One potential application of 3D cultures is for the high-throughput screening (HTS) and high content analysis (HCA) of pharmacologically active compounds [8]. For such purposes, 3D cultures are treated with compound libraries in 96- or 384-wells micro plates. Here, 3D cultures have presented a challenge in collecting image data with sufficient resolution because acquiring high resolution images is time consuming and therefore not always feasible for HTS. Many methodologies have been established for the image analysis of HTS [9], although the quantification of phenotypes is mostly performed with single or multiple simple parameters. This is not sufficient to study of the full range of effects of test compounds.
Our goal was to develop an automated multi-parametric profiling platform which is suited for HTS and is able to quantify cellular phenotypes exhaustively. Such a platform should apply rapid image preprocessing and segmentation methods that are suited for images with limited resolution. More importantly, this platform should be able to recover heterogeneous cell behavior. For example, it should be able to distinguish epithelial cells that develop branched structures from those that do not in response to a specific treatment. Such cell-to-cell heterogeneity seems essential for the plasticity of tissue responses e.g. in response to inflammation and associated with tumor invasion [10], [11].

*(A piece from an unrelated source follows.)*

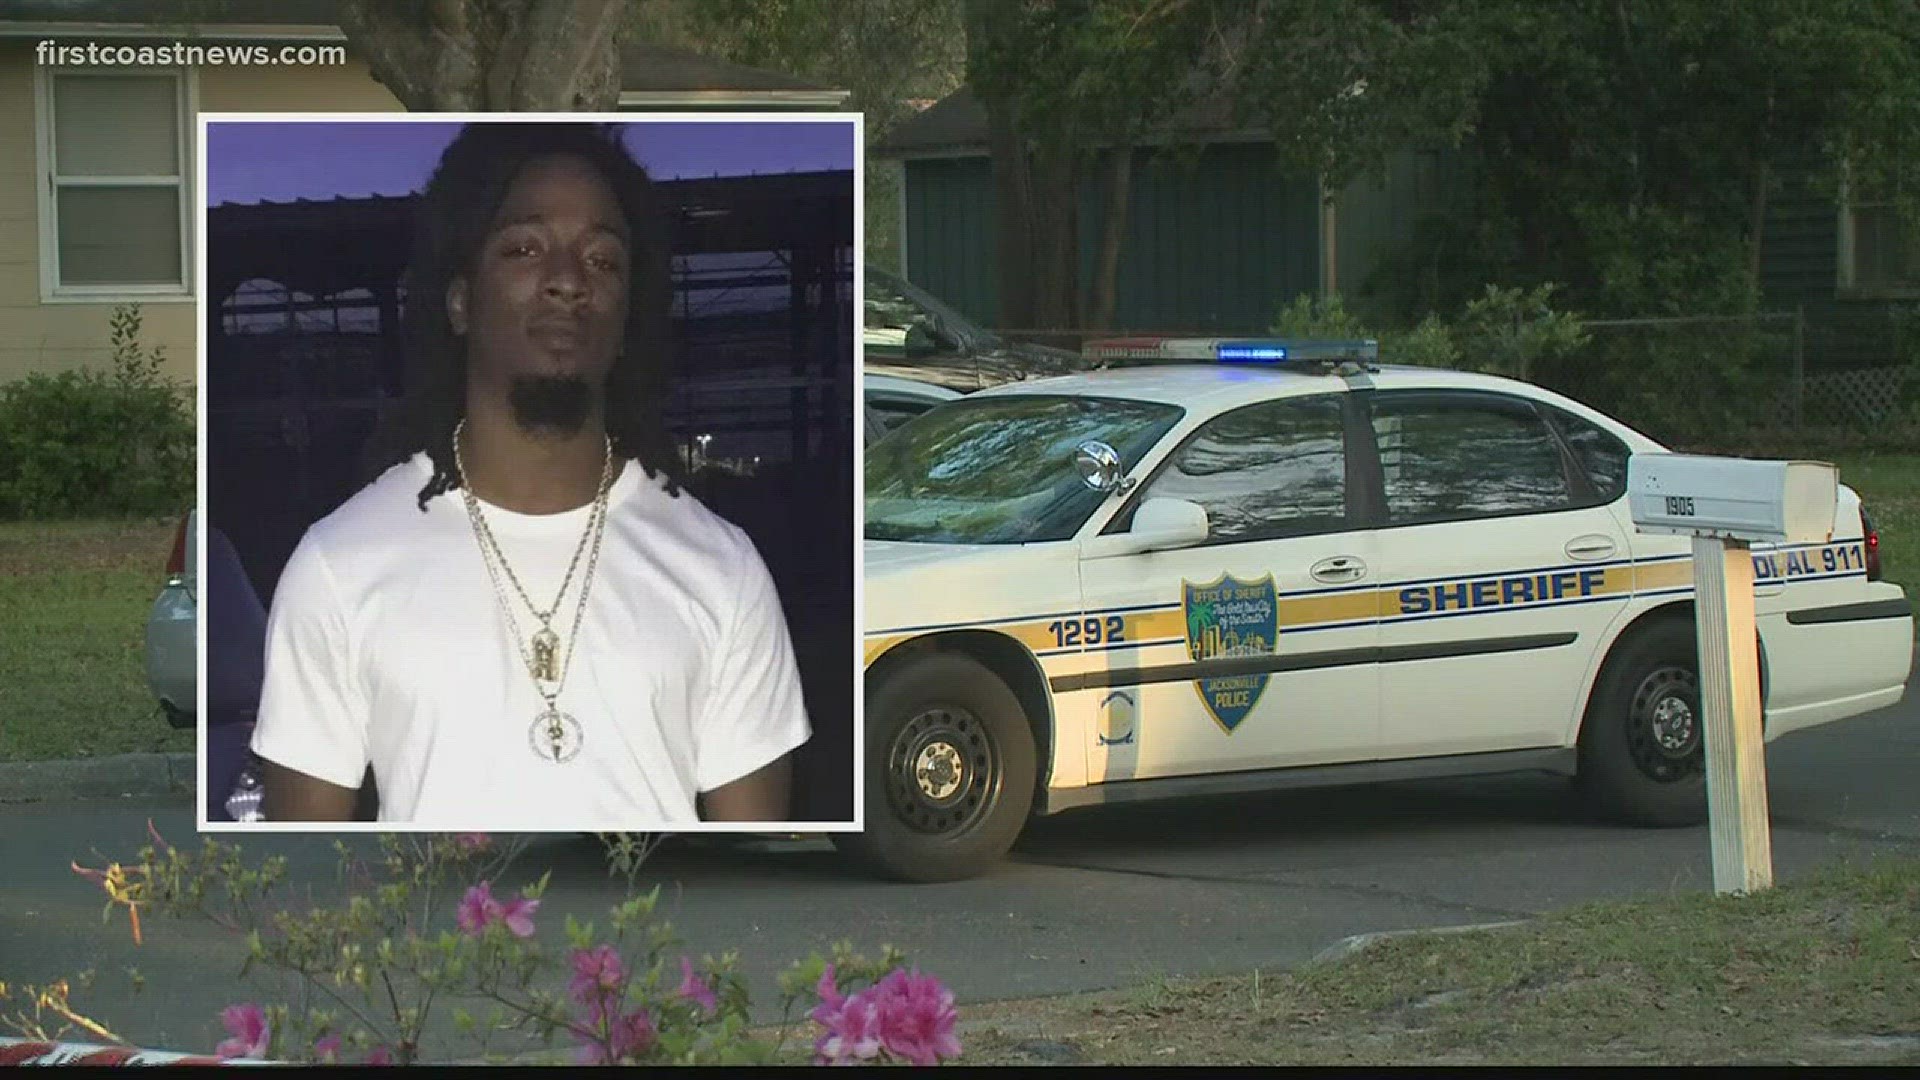 Dominique Lloyd was shot and killed inside of his car in his driveway Sunday morning.

As proof of concept, we investigated mouse breast cancer cells (4T1) after they formed micro-tissues in 3D by monitoring their cellular phenotypic response to a diverse set of compounds, using a novel 3D screening and ultra high content analysis (uHCA) technique. An overview of the project workflow is presented in the Figure 1. After image acquisition, we extensively mined images for feature data which we used for multi-parametric phenotype profiling. To investigate phenotypic patterns, principle component analysis (PCA) was first used to reduce the dimensionality of the dataset. Subsequently, we compared various multi-parametric tests to identify biologically active compounds. Next, polynomial regression modeling was applied to characterize concentration dependent trajectories for each biologically active compound, and the distance between the trajectories was used for hierarchical clustering of compounds. Finally, multiple classification models were used to identify distinct phenotypic patterns.
Methods
An overview of the project workflow is presented in Figure 1 and more information on the individual data analysis steps can be found in File S1.
Cell culturing, fluorescence staining, and image acquisition
To generate 3D micro-tissues, mouse triple negative breast cancer cells (4T1) were obtained from the American Type Culture Collection (ATCC) (Manassas, VA, USA) and were cultured in a mixture of collagen type IV and laminin-rich basement membrane extract (Matrigel) for 4 days in 384-well high content imaging micro plates. 24 hours after seeding, cells were exposed to 29 different compounds with different biological activities (Table S1) at 6 different concentrations (0.03 µM, 0.1 µM, 0.316 µM, 1 µM, 3.16 µM, 10 µM) in quadruplicate (See Figure S1 for plate layout). Replicates were located on the same plates. Cells growing in 0.2% DMSO without any compound treatment were included as controls. There were 24 control wells in each of the 384-well micro plates. To avoid an edge effect, the first and last two rows and columns were left empty.
After 72 hours of exposure, the cultured micro-tissues were fixed and stained with Hoechst 33258 (final concentration 0.4 µg/mL) and Rhodamine-phalloidin (final concentration 0.1 µM) to visualize nuclei and F-actin, respectively.
For the classification of the 44 breast cancer cell lines, these were cultured and stained (at 96 hr) similarly as described above for the 4T1 cells. The human breast cancer cell lines were from ATCC or as described [12] and provided to us by Prof. Dr. John A. Foekens and Dr. John W. Martens from Erasmus University Medical Center-Daniel den Hoed Cancer Center, Rotterdam, The Netherlands.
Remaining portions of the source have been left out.